Foto: Fotorzepa, Dominik Pisarek Dominik Pisarek

Red

Ustawa o postępowaniu wobec osób z zaburzeniami psychicznymi stwarzającymi zagrożenie życia, zdrowia lub wolności seksualnej w dalszym ciągu wywołuje kontrowersje. W medialnym dialogu, niestety, rzadko pojawiają się przykłady z innych państw, a szkoda, gdyż zaprzeczają one tezie, że polska ustawa jest pod tym względem instytucją niespotykaną w kręgu państw europejskich.

„Dwutorowy" system kar

W większości państw Unii Europejskiej dostrzeżono, że wielu sprawców, którzy są poczytalni, nie zamierza lub nie jest w stanie zmienić swojego postępowania. W pewnych przypadkach oddziaływanie resocjalizacyjne mimo najlepszych chęci i rozbudowanych systemów pomocy nie przynosi pozytywnych efektów. W państwach, takich jak: Wielka Brytania, Francja, Niemcy czy Norwegia, ustawodawca doszedł do wniosku, że zdarzają się niepowodzenia resocjalizacyjne, za które nie można obarczać winą systemu penitencjarnego, bo przyczyny leżą po stronie psychiki sprawcy. Jednocześnie ryzyko, jakie stwarza taka osoba, jest zbyt duże, aby mogła ona opuścić izolację.
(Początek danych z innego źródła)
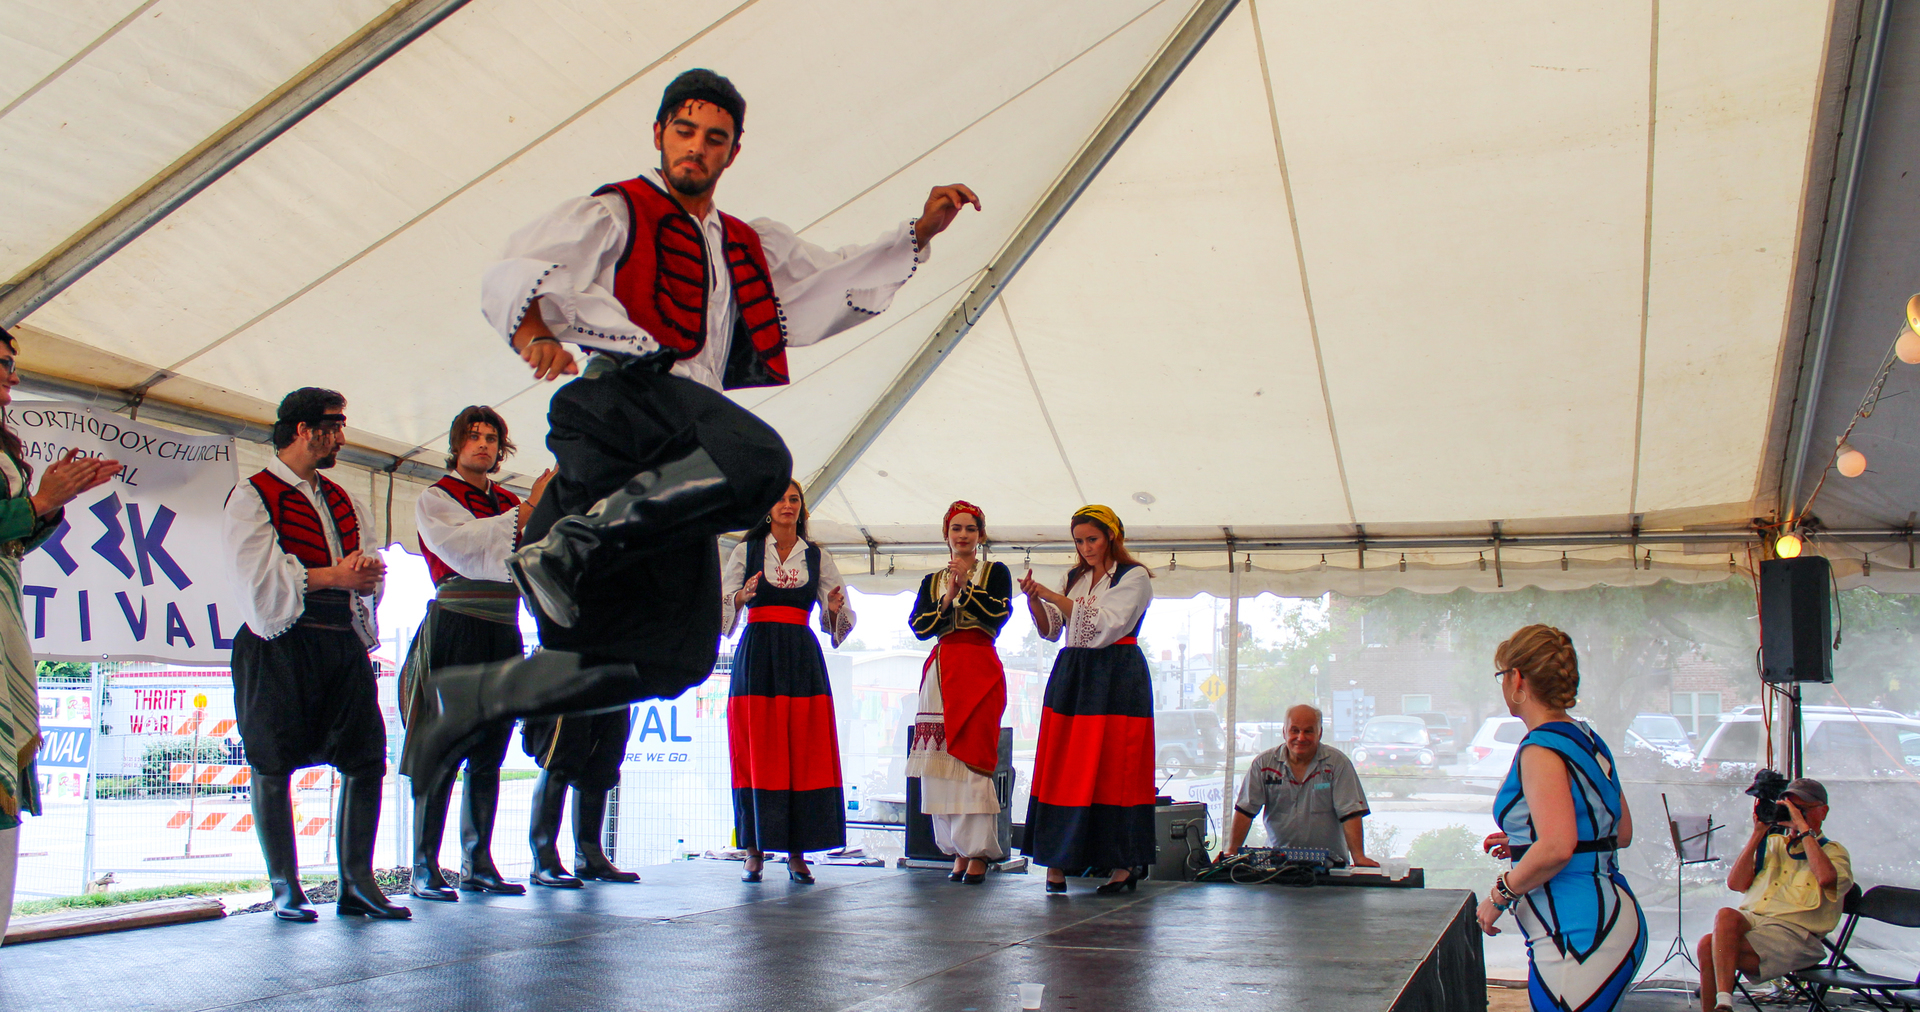 Omaha's Original Greek Festival
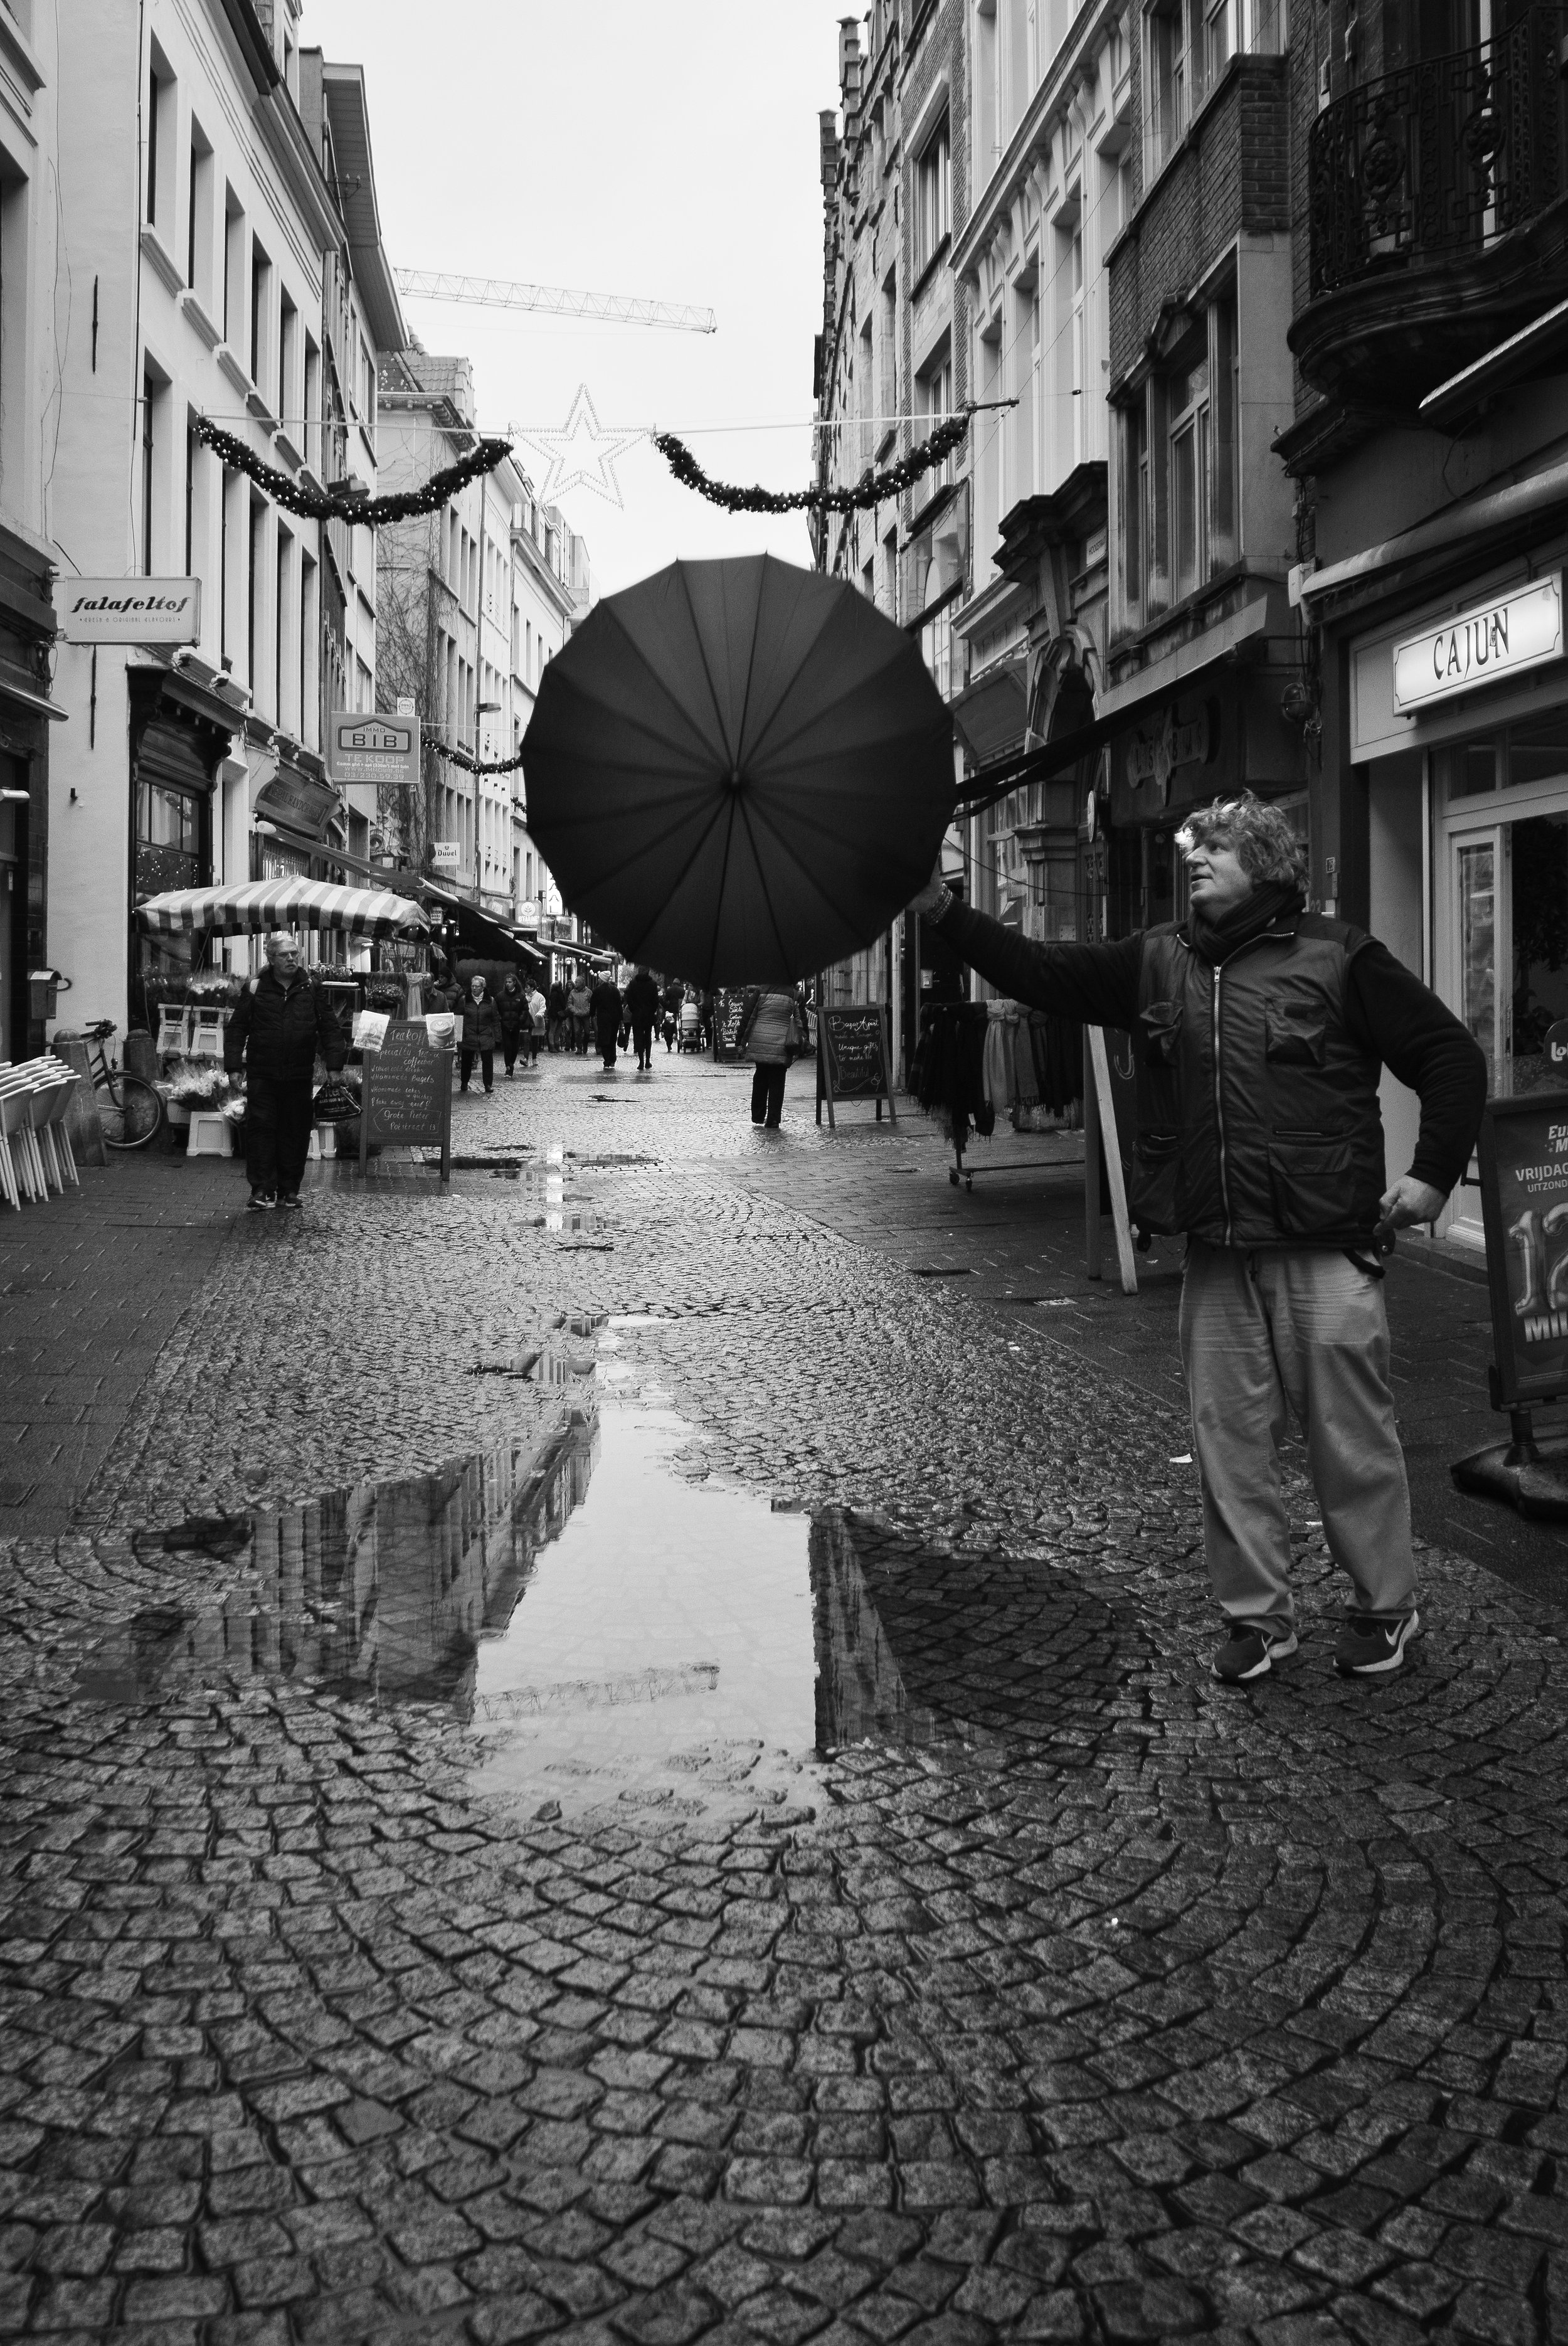 viewfinder_creativeboody_straatfotografie_antwerpen_paraplu^-2.jpg

Pierwsza grupa państw rozwiązała ten problem w sposób, który nie narusza dotychczasowego „dwutorowego" systemu kar i środków zabezpieczających. Jest to prosty i przejrzysty sposób, który może się niektórym wydawać bardzo nęcący. Wystarczy za ciężkie przestępstwa wprowadzić karę dożywotniego pozbawienia wolności, choć pod nieco zmienioną nazwą – jako karę pozbawienia wolności bez określenia górnej granicy (jak w Wielkiej Brytanii) albo karę pozbawienia wolności z możliwością jej wydłużenia (jak w Belgii czy Norwegii). Takie postulaty pojawiły się również w polskim parlamencie. Jest to jednak droga, która wymaga dużej dojrzałości systemu demokratycznego i kultury prawnej społeczeństwa, tak aby możliwość ta nie była nadużywana.

Niestety, przestępstwa, takie jak: pobicie z poważnym uszkodzeniem ciała, zgwałcenie, bójka czy rozbój, są stosunkowo powszechne. Czy wobec sprawców tych czynów należy wprowadzać aż tak radykalny środek jak kara bez oznaczenia terminu?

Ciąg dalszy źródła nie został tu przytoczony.